Although we don't believe in timing the market or panicking over market movements, we do like to keep an eye on big changes -- just in case they're material to our investing thesis.
What: Shares of the second largest U.S. coal producer, Arch Coal (OTC:ACIIQ), fell as much as 10% on April 21, following the company's first-quarter earnings release.
So what: The company reported a $113 million loss in the quarter, which was larger than Wall Street was expecting, though it was a slight improvement from last years' $124 million in the same period. The reality is that coal producers continue to operate in a tough environment, with natural gas prices and lower emissions leading many electric producers to use more gas and less coal.
This puts Arch in an unenviable position.

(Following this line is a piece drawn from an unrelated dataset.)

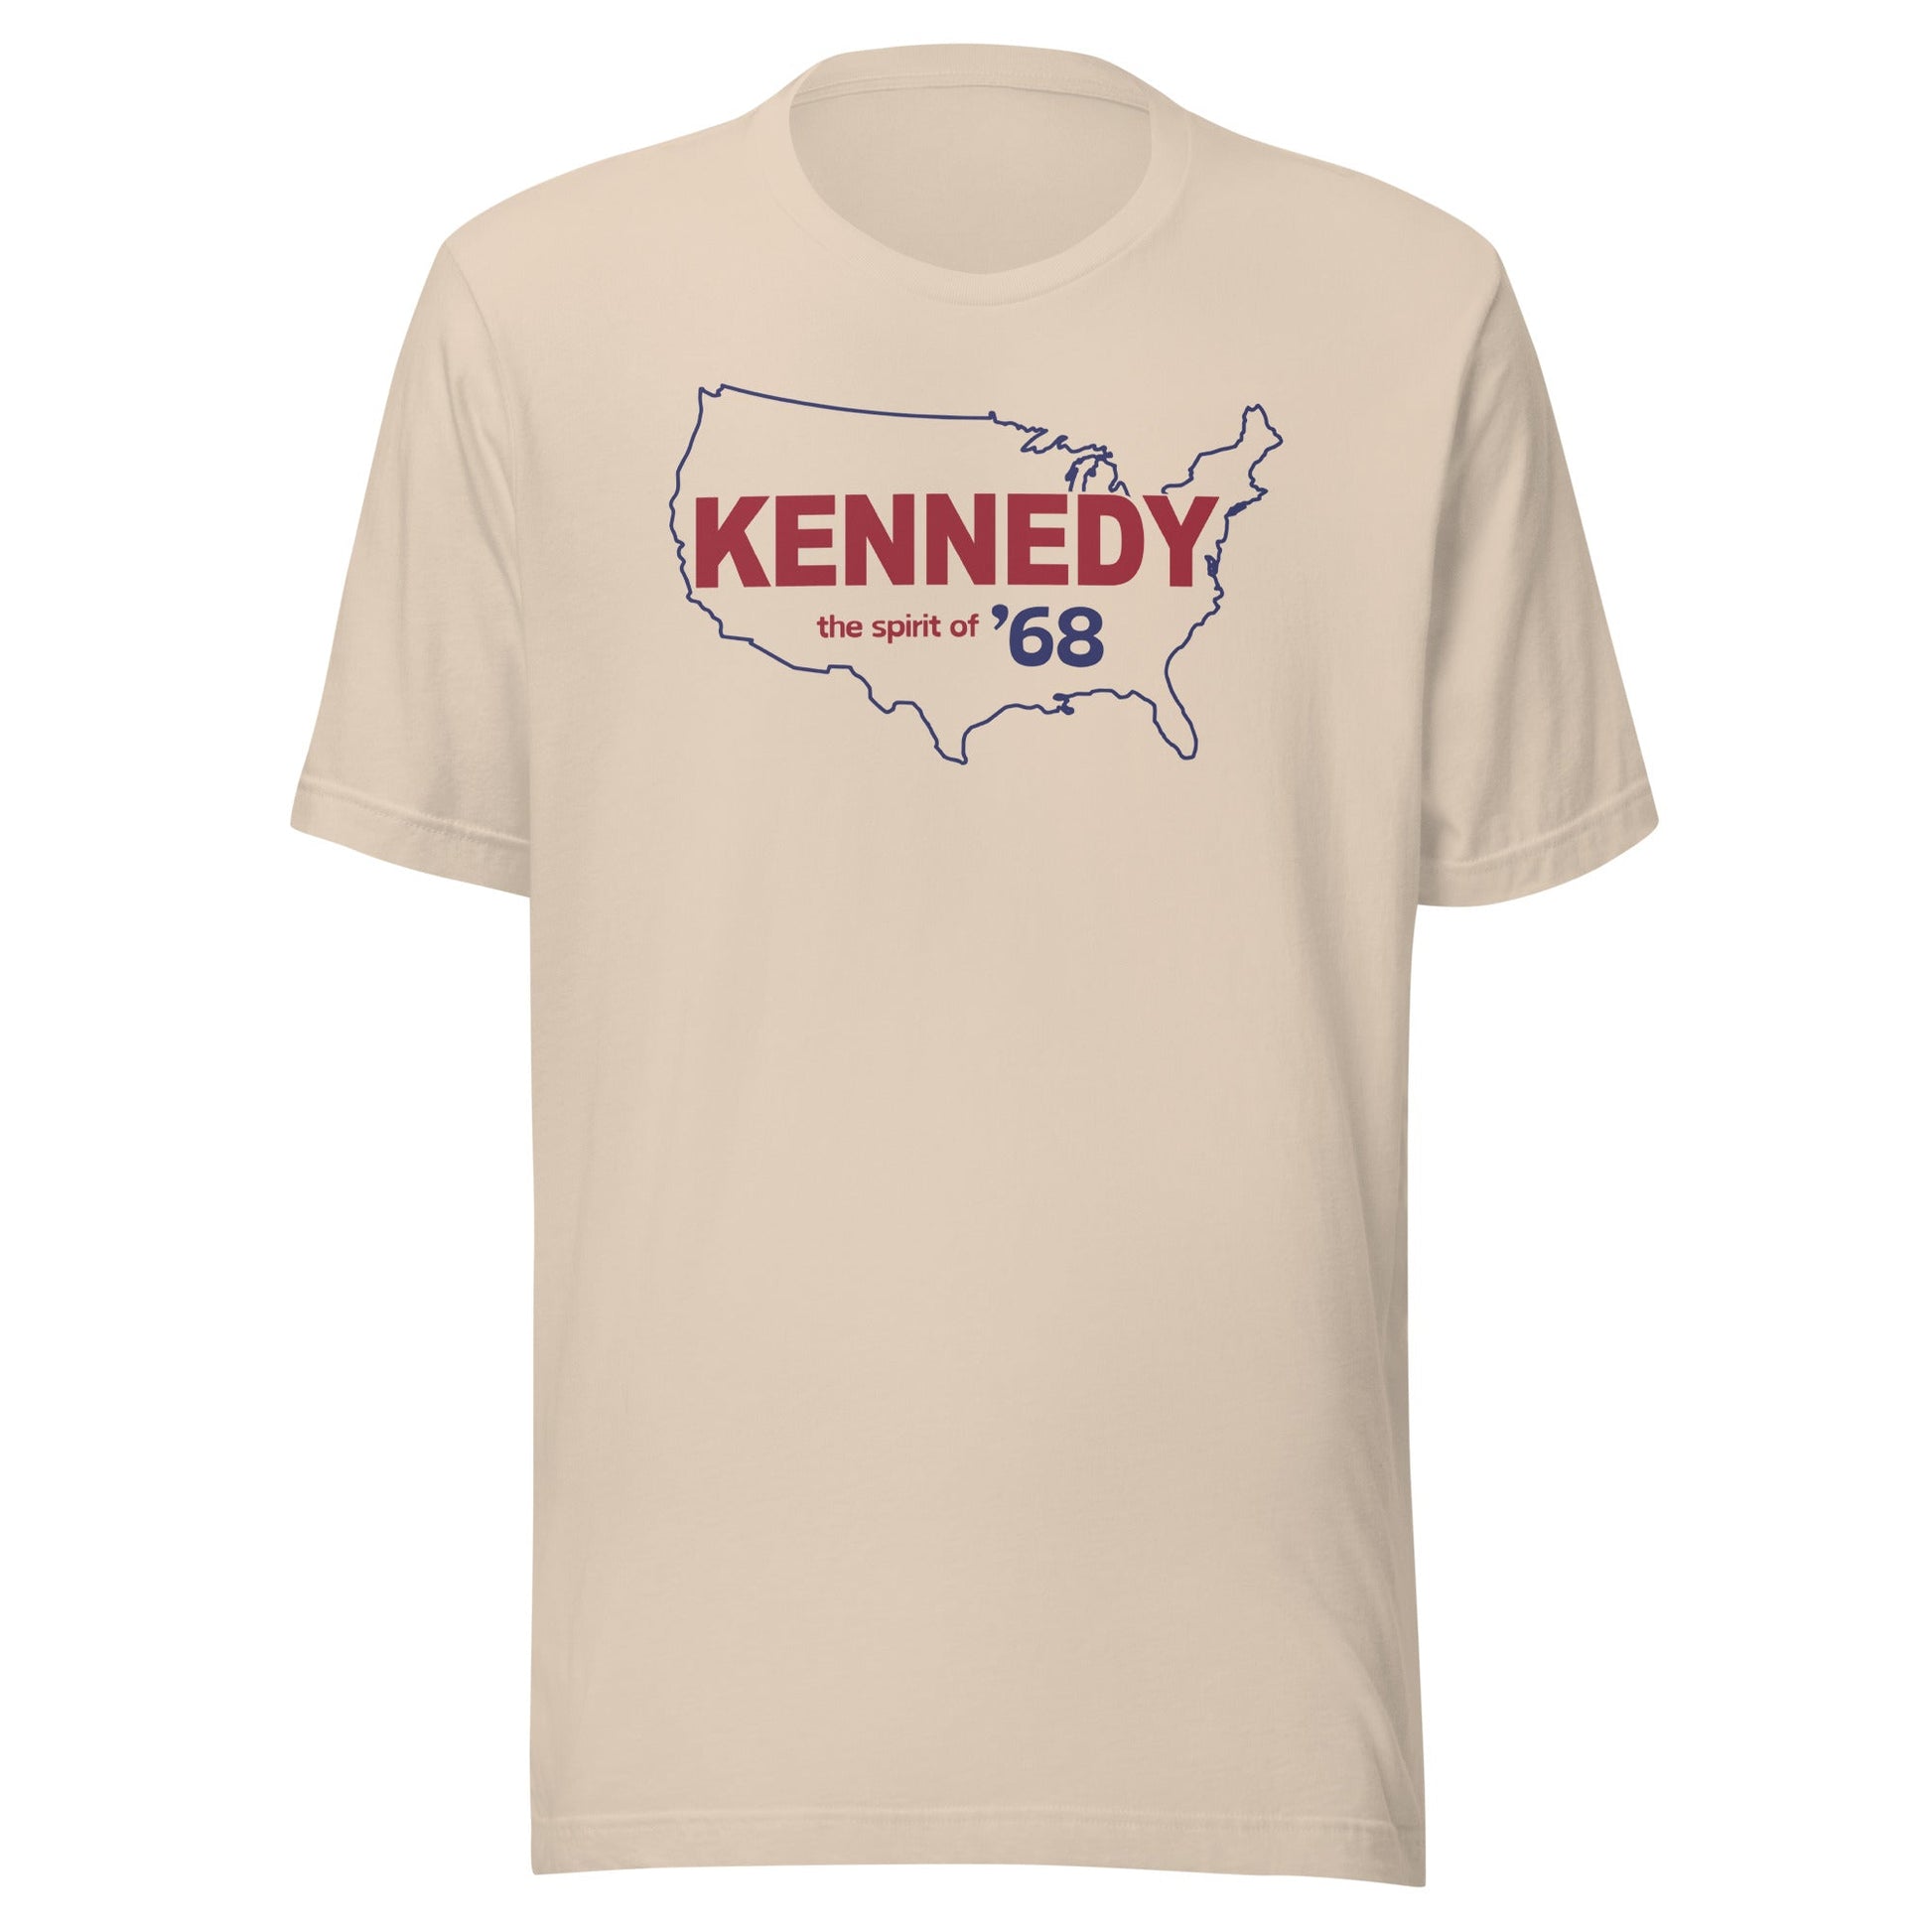 Kennedy Spirit of '68 Tee - TEAM KENNEDY. All rights reserved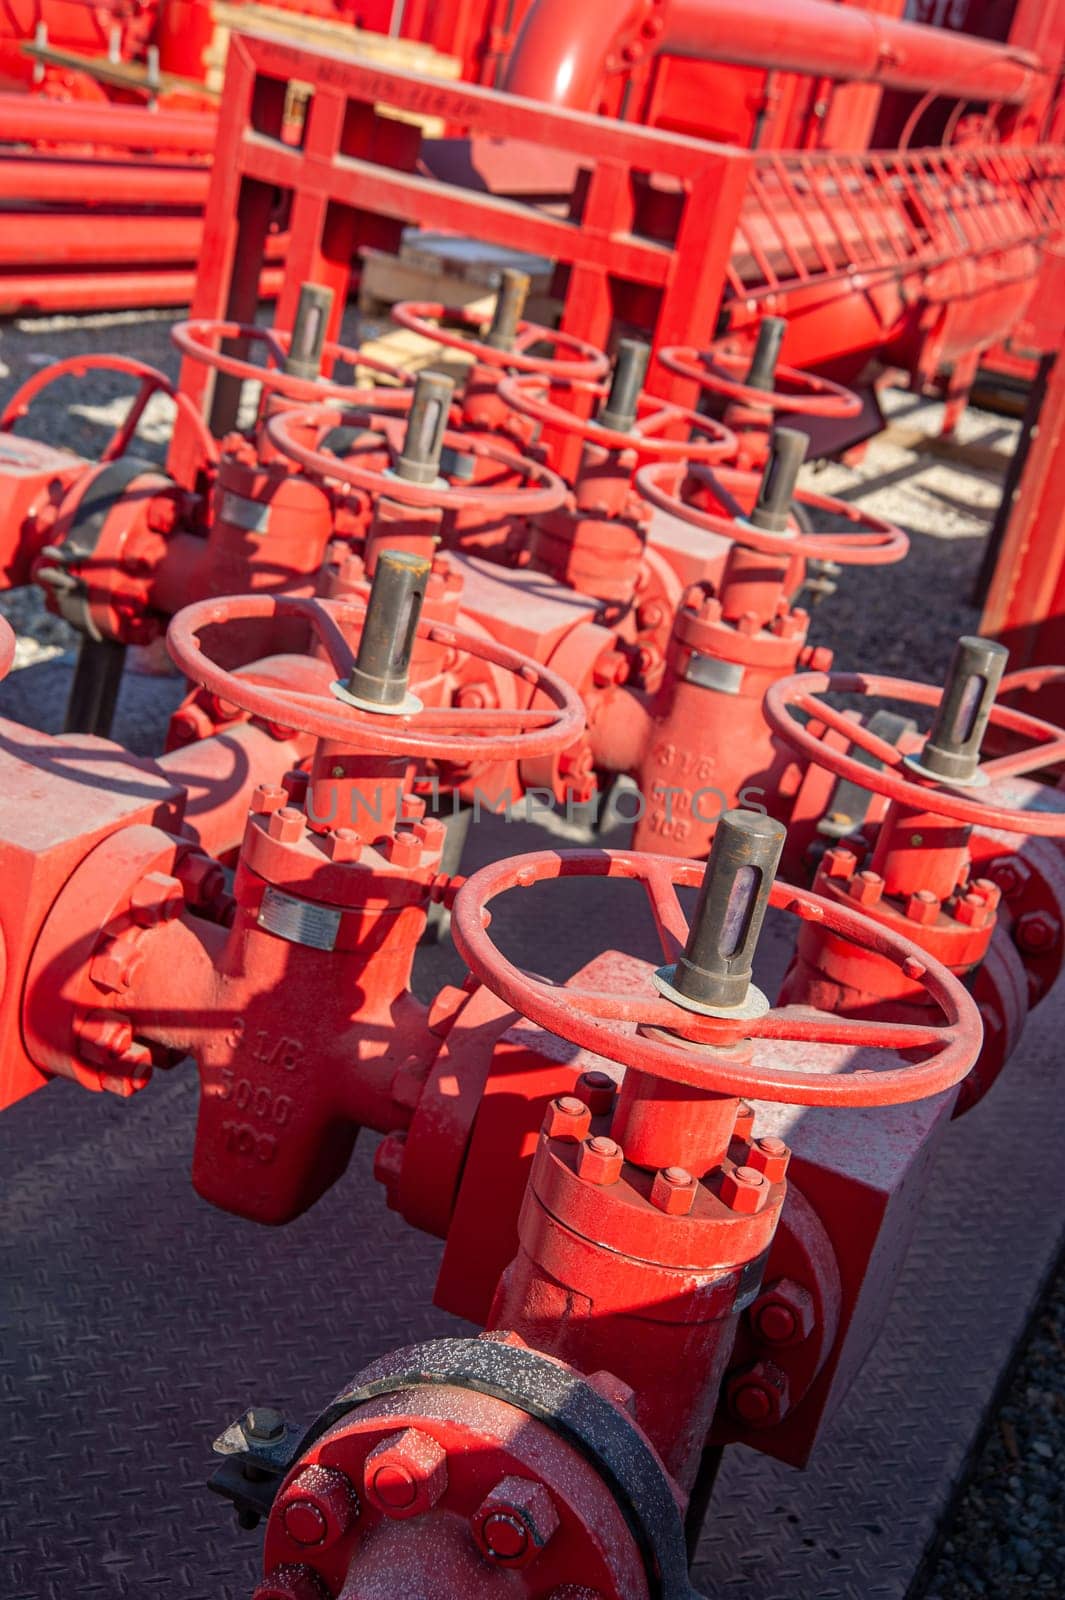 A closeup of a red industrial oil pipeline valves by A_Karim

Now what: The company has more than $5 billion in debt, but almost $1 billion in cash which should provide enough of a hedge to get through this rough patch. But the long-term trends for coal producers aren't exactly in the company's favor, as China -- the world's largest coal importer -- is reducing imports and making efforts to reduce domestic pollution in addition to the wider trend toward cleaner and more sustainable fuels.
There could be some value to be had for patient investors who follow the industry closely, but the average retail investor is probably better off investing in companies with durable long-term advantages. Factor in the cut-throat nature of a commodity business like coal, the cyclical nature of its pricing and demand, and it's hard to predict Arch being a better than average bet for strong investor returns, even at these prices.